= John Godolphin =

English jurist and writer

John Godolphin (1617–1678) was an English jurist and writer, and Judge of the High Court of Admiralty under the Commonwealth.

== Life ==

Godolphin arms, Gules, an eagle with two heads, displayed between three fleurs-de-lys, two and one, argent

The second son (by Judith Meredith) of John Godolphin, who was younger brother of Sir William Godolphin (died 1613), he was born on the Isles of Scilly, 29 November 1617. He became a commoner of Gloucester Hall, Oxford, in the Michaelmas term of 1632. There he studied philosophy, logic, and the civil law; he graduated as B.C.L. in 1636 and D.C.L. in 1643.
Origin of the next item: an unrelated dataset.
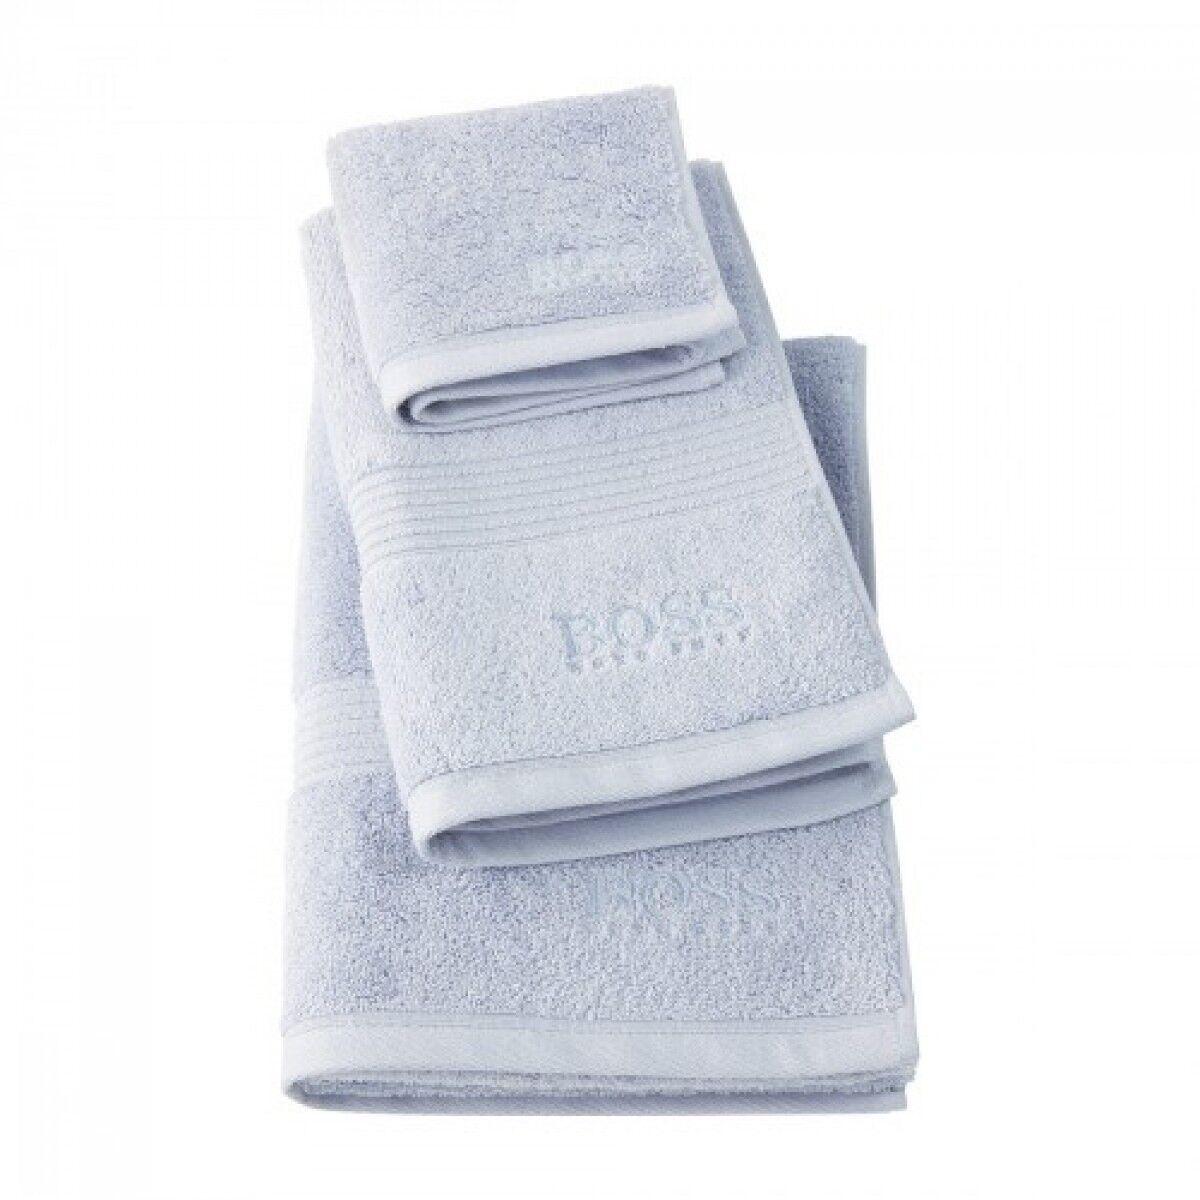 Hugo Boss Loft Loft Loft Bath Sheet, Cascade - Set of 2 00b0fd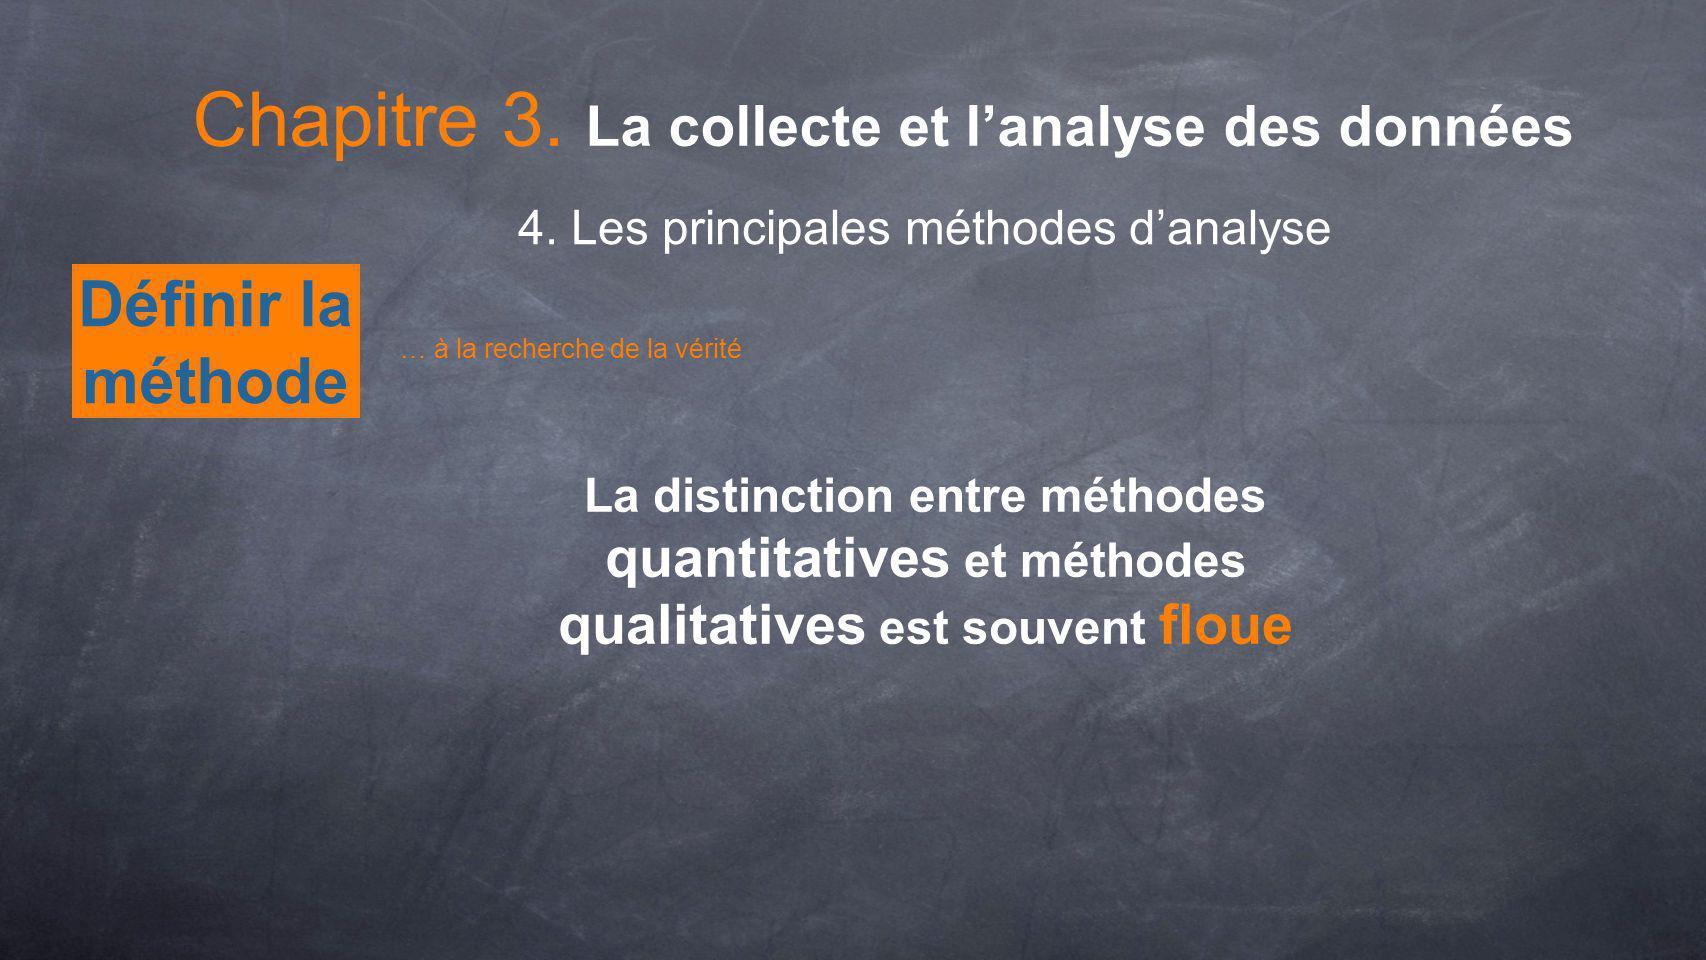 Définir la méthode Chapitre 3. La collecte et lanalyse des données 4. Les principales méthodes danalyse … à la recherche de la vérité La distinction e

He took the Parliamentarian side, and on 30 July 1653 was appointed judge of the admiralty, with William Clerk and Charles George Cocke. After Clarke's death Godolphin and Cock were reappointed in July 1659 to hold the same office until 10 December. After the Restoration he became one of the king's advocates.

He died near Fleet Street, 4 April 1678, and was buried in Clerkenwell Church. He was four times married, and had by his first wife a son, Col. Sidney Godolphin (1652–1732) of Thames Ditton, Surrey, MP, Auditor of the Principality of Wales, Governor of the Scilly Isles, etc, who married Susanna Tanat, youngest daughter and co-heiress of Rees Tanat of Abertanat, Shropshire (per her monument in Llanyblodwel Church). Sidney's daughter Mary married Henry Godolphin, Dean of Saint Paul's Cathedral (her father's second cousin), as is stated on her mother's monument in Llanyblodwel Church.

==Works==
Godolphin wrote the following books on law and divinity:

- The Holy Limbeck, or A Semicentury of Spiritual Extractions: Wherein the Spirit is Extracted from the Letter of Certain Eminent Places in the Holy Scripture, 1650. The Holy Limbec, or An Extraction of the Spirit from the Letter of Certain Eminent Places in the Holy Scripture is the same book with title altered.
- The Holy Arbor, Containing a Body of Divinity. […] Collected from many Orthodox Laborers in the Lord's Vineyard, 1651.
- Synēgoros Thalassios, a View of the Admiral Jurisdiction […], 1661 and 1685 (appendix has a list of lord high admirals after Henry Spelman, and an extract from the ancient laws of Oléron, translated from Garsias alias Ferrand).
- The Orphan's Legacy, or a Testamentary Abridgement (in three parts, on wills, executors, and legacies), 1674, 1677, 1685, 1701.
- Repertorium Canonicum, or an Abridgement of the Ecclesiastical Laws of this Realm Consistent with the Temporal, 1678, 1680, 1687.